Hacker News new | ask | show | jobs
by leodriesch 1021 days ago
I am wondering how much value social network data like Twitter or Discord really has when compared to something like Wikipedia or textbooks.

It is mostly unformatted, contains slang and is often far from the truth. Is this data really all that useful for training an LLM?

2 comments

Unformatted is irrelevant (or a benefit).

That is contains slang is a huge benefit - how else will it learn slang?

That is often far from the truth is of mixed value. Firstly it is very unclear that a LLM is the best method for holding facts. Secondly, the "untrue" data at least gives the LLM an idea of what could be true given a context, which lets it learn a better model of the world.

For example, if it gets a lot of text wrongly claiming that "Winston Churchill is the 40th President of the United States" it will add to the evidence that "The President of the United States" and "Winston Churchill" are both in the class of "people".

This is opposed to nonsense text like "A carpet States President United" (which is just noise).

Why do we want the LLMs to understand slang ? Will it use slang to cure diseases ?
Who is this "we" you speak of? Because the people using them to generate lyrics certainly want slang.

But yes, there are plenty of scenarios where knowledge of slang could cure diseases.
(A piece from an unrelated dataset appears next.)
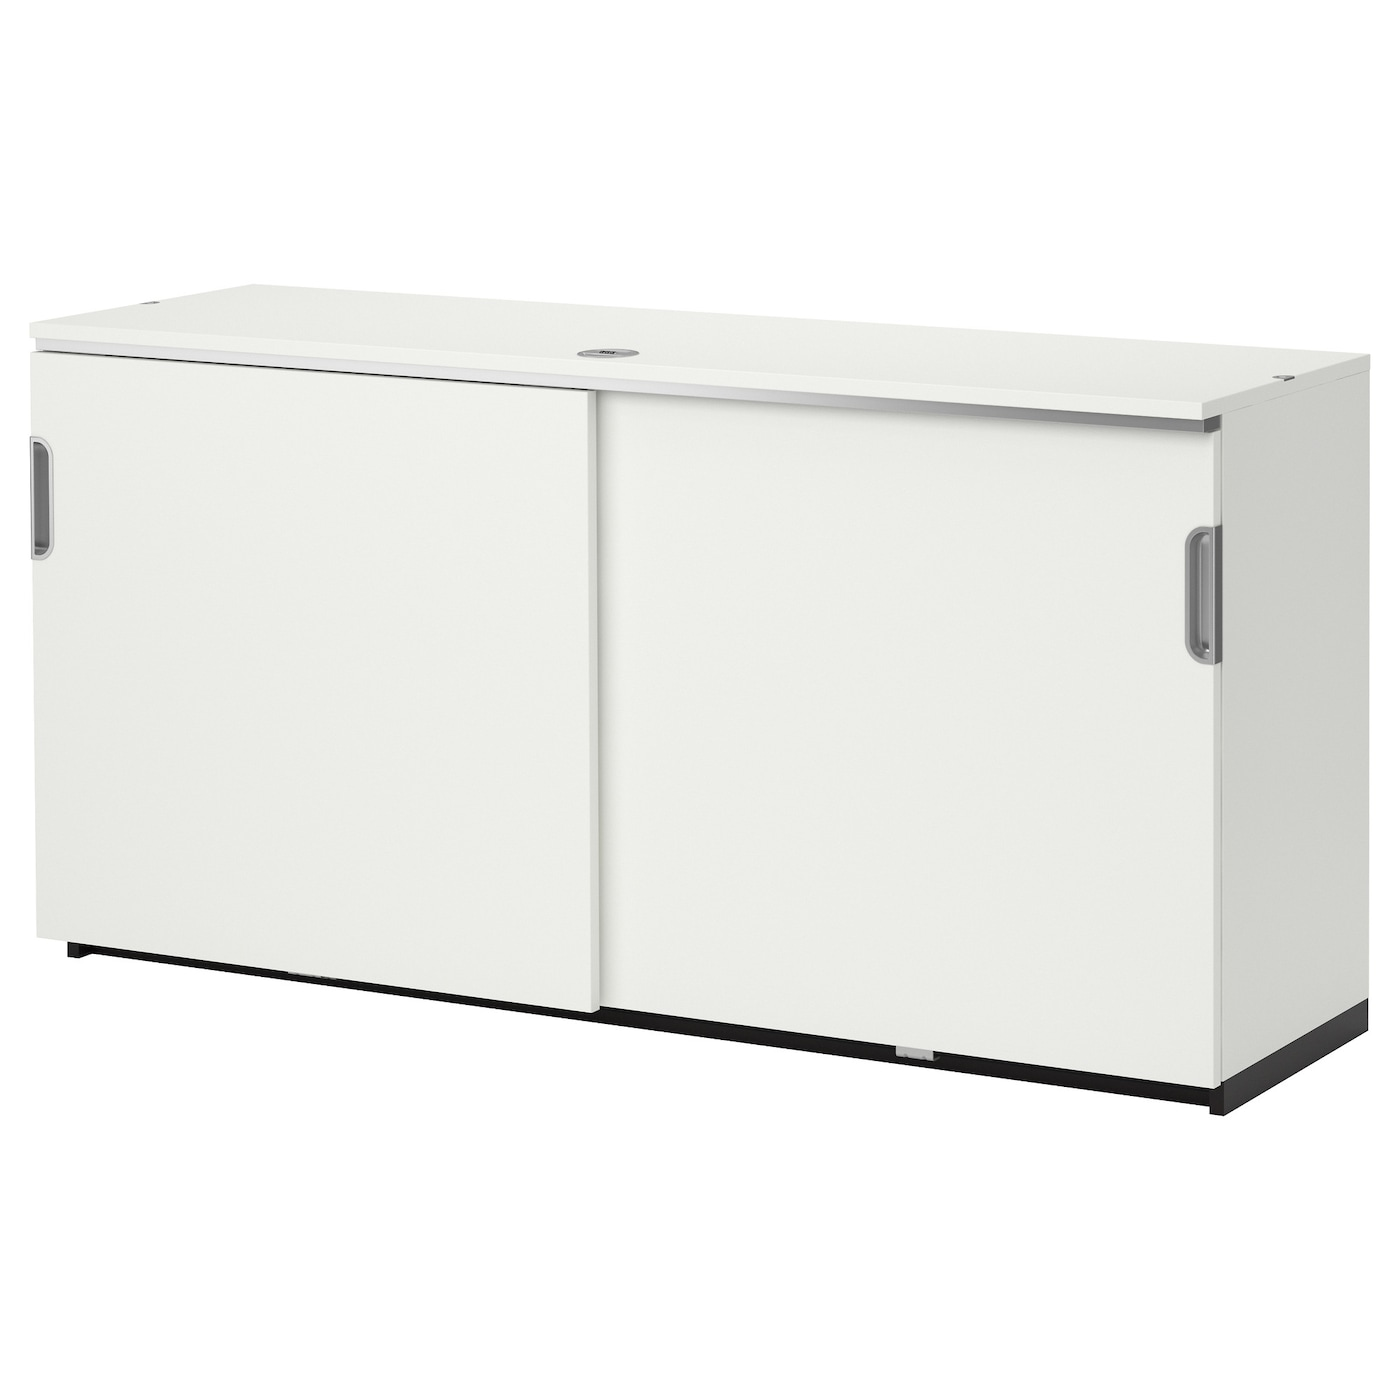 Galant Cabinet With Sliding Doors White 160x80 Cm Ikea

Consider mental health, where one of the main effective interventions is diarying. If a LLM can understand the slang in a diary then it is certainly possible it could intervene successfully.

Sounds like a joke.
Social media has more idiosyncratic and human-esque text.

People already complain that ChatGPT is too formal and verbose, as an AI language model.

That's probably more because of RLHF though, they've optimised for certain kind of responses rather than simple model loss on internet text.